Everett was an amazing talent who undoubtedly was destined to become a world champion, but on May 26, 1977, he was tragically shot and died at the age of 24. 

Tyrone Everett is peacefully at rest and is buried next to his mother, Doris Everett, at Eden Cemetery in Collingdale, Pennsylvania.

4 thoughts on “Tyrone Everett

  1. Another great article from dmboxing.com! When I was a kid in the 70’s and 80’s ring magazine would feature a story on one if the older fighters. They vf were always very informative and made the fighters seem real to me. This article does the same thing for me. Great work!

  2. Great article and great comment Joel Foose! I first heard of his Escalara fight in a solid boxing group and watched it. Hell of a fighter!

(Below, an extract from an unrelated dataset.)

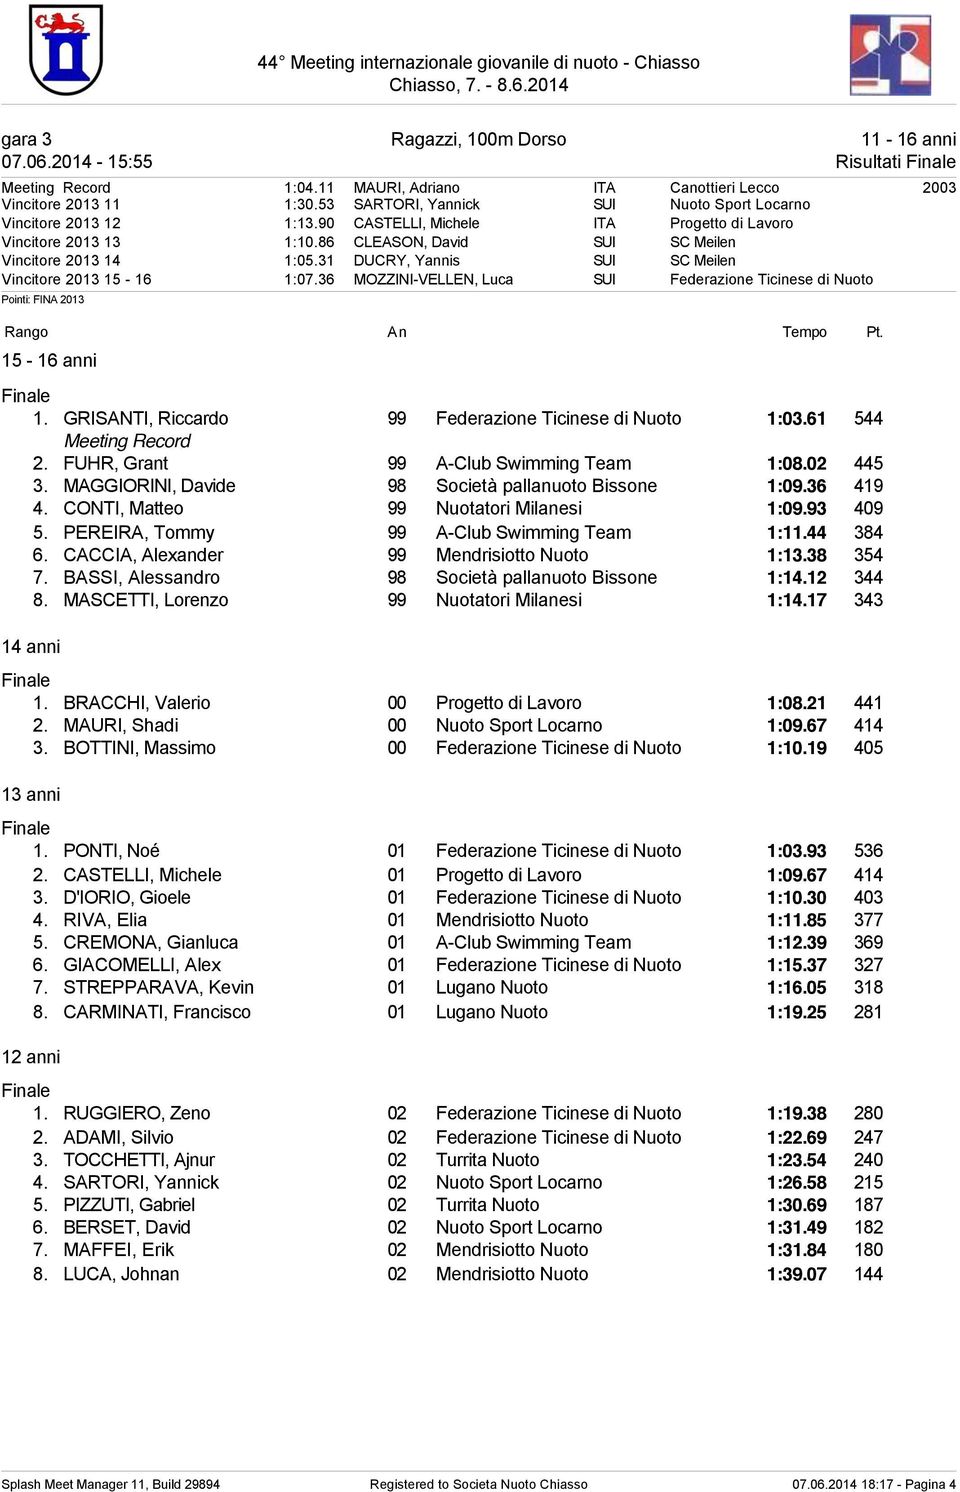 31 DUCRY, Yannis SUI SC Meilen Vincitore 2013 15-16 1:07.36 MOZZINI-VELLEN, Luca SUI Federazione Ticinese di Nuoto Rango An Tempo Pt. 15-16 anni 1.

  3. I used to train at Billy Newman’s when I came in early one day to wait for my trainer Freddy Gilbert. Billy Newman’s went back to the days of Jack Johnson, located smack-dab in the middle of the red light district called the Tenderloin District on Hyatt and Leavenworth. Sitting on the bleachers you could feel the ghosts of days gone by with the 2 original rings on the main floor and an assortment of bags from regular to huge. There was also a ring in a room leading downstairs where Johnny “Carnation Kid” Vtali ran.
    On this particular day I heard the speed bag rattling off a steady sound of rythm that illustrated the person hitting that bag had a great talent for it. 1,2,3,4 rounds straight through the 1 minute rest period , not a single miss. It made me think, “Who the hell is that down there?” As I walked down the old steps to the bottom of the gym, halfway into his 5th round was a sweat drenched black fighter looking like a middleweight with extra wide shoulders and a thin waist whose hands were a blur, steadily, machine-like hands, pounding away at that small speed-bag. On the back of shirt were the words in bold blue ink, ” Mean Machine.” It was Tyrone Everret, getting ready for a 10 rounder against a fighter who was making some noise in the Bay Area boxing world, Ray Lunny lll. Ray was better off finding someone else to leap over as Tyrone dropped him in the 1st round and gave him an old Philly beat down for the remainder of the fight.